Im Einsatz für die Frauen-Lobby
bc. Neu Wulmstorf. „Gerade die von Frauen errungenen Erfolge rufen neue Angriffe gegen sie hervor.“ Die These der französischen Philosophin Simone de Beauvoir (†1986) hat manches mit der Arbeit von Hannelore Buls zu tun. Die 62-Jährige aus Neu Wulmstorf ist seit knapp zwei Jahren Vorsitzende des Deutschen Frauenrates – der Dachorganisation frauenpolitischer Interessen, die mehr als 50 bundesweit aktive Frauenverbände vertritt. „Wir agieren als Lobby der Frauen gegenüber der Bundespolitik“, sagt die frühere ver.di-Gewerkschaftssekretärin. Ein Ehrenamt, das viel Freizeit verschlingt, aber Hochspannung verspricht.
Hannelore Buls diskutiert nicht selten mit hochrangigen Politikerinnen und Staatsvertretern über all das, was Frauen bewegt oder bewegen sollte: Entgeltgleichheit, Mindestlohn, Alterssicherung, etc. „In Westdeutschland verdienen Frauen im Durchschnitt 42 Prozent des Lebenseinkommens eines Mannes“, schildert Buls. Entsprechend weniger Rente erhalten sie. „Da steuern wir auf ein dickes Problem zu, das mit mehr Erwerbstätigkeit, gerechter Bezahlung und damit höheren eigenen Rentenbeiträgen für Frauen gelöst werden kann“, so Buls. Auch Gesundheitspolitik, Pflege oder Gewalt gegen Frauen gehören zum Themenspektrum des Frauenrates.
Politisch gesehen habe sich die Situation der Frauen verbessert. „Es ist nicht mehr politisch korrekt zu sagen, Frauen könnten gewisse Berufe nicht ausüben. Eine große Errungenschaft“, konstatiert Buls. Gleichwohl blieben Frauen in hohen Führungspositionen eine Ausnahmeerscheinung.
In der Regel einmal pro Woche führt ihre Tätigkeit Hannelore Buls nach Berlin. Dabei kommt es zu spannenden Treffen. Im vergangenen Jahr begegnete sie Bundespräsident Joachim Gauck bei einer Gesprächsrunde zum Internationalen Frauentag. Im Januar 2015 ist ein 90-minütiges Gespräch mit Kanzlerin Angela Merkel in Buls‘ Terminplan notiert: „Dass mit Frau Merkel eine Frau an der Spitze Deutschlands steht, hat viel an der Einstellung gegenüber Frauen im Beruf und in der Politik verändert“, sagt das SPD-Mitglied Buls.

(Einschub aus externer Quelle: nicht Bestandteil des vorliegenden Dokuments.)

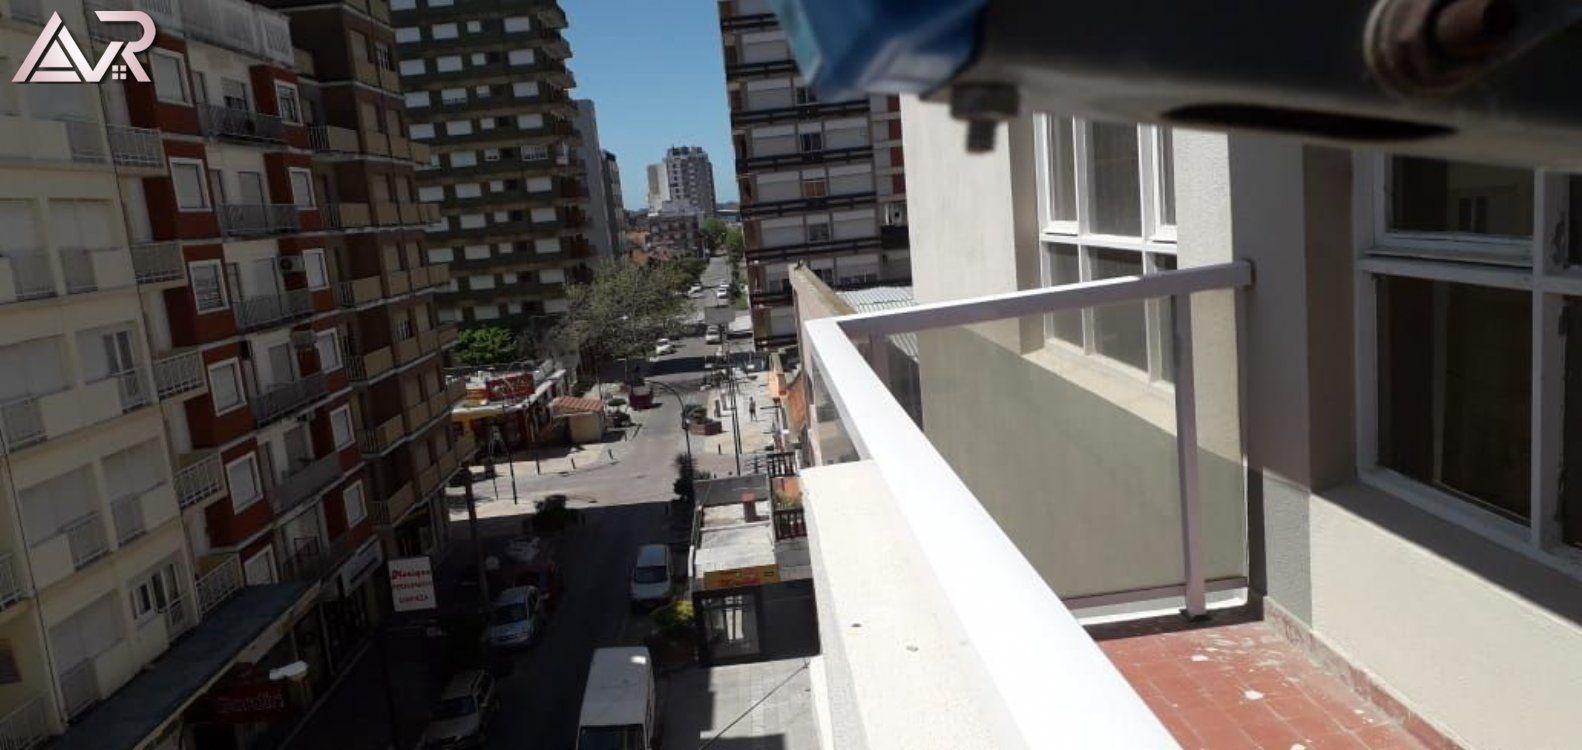 Alquiler temporal de Departamento en Zona I para 5 personas provisto por AVR Estudio Inmobiliario   Verano 2021   Miramar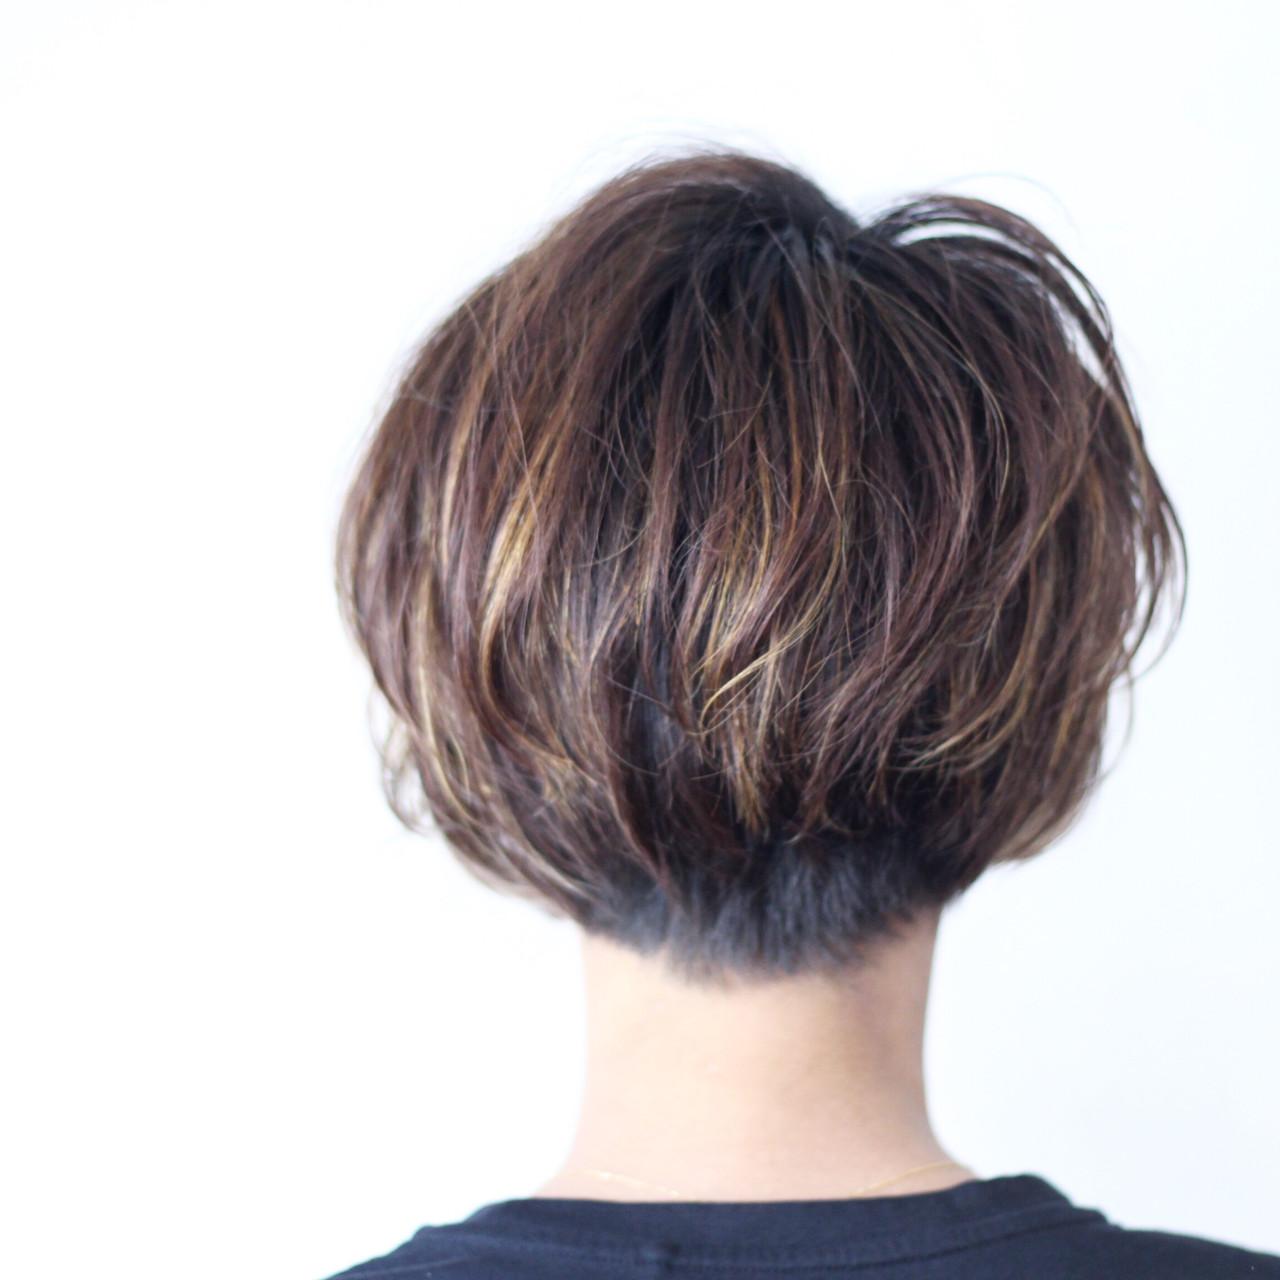 ナチュラル コントラストハイライト ボブ 3Dハイライト ヘアスタイルや髪型の写真・画像

Seit ihrer Geburt 1952 lebt Hannelore Buls in Neu Wulmstorf. Ihre Familie siedelte von Bessarabien - einem Landstrich am Schwarzen Meer (heute Ukraine) - an Hamburgs Peripherie um. Nach dem Realschulabschluss in Buxtehude 1967, einer kaufmännischen Ausbildung in einer Textilfabrik und mehrjähriger Arbeit als kaufmännische Angestellte in Hamburg begann Hannelore Buls mit bereits 30 Jahren ein Studium der Volkswirtschaftslehre: „Damals war es nicht üblich, dass Mädchen eine weiterführende Schule besuchten“, sagt sie.
Im November kandidiert Hannelore Buls erneut für zwei Jahre als Vorsitzende des Frauenrates. Wird sie wiedergewählt, muss ihr Ehemann Norbert wohl weiter den einen oder anderen Tag auf seine Frau verzichten - wenn mal wieder wichtige Konferenzen in der Bundeshauptstadt anstehen.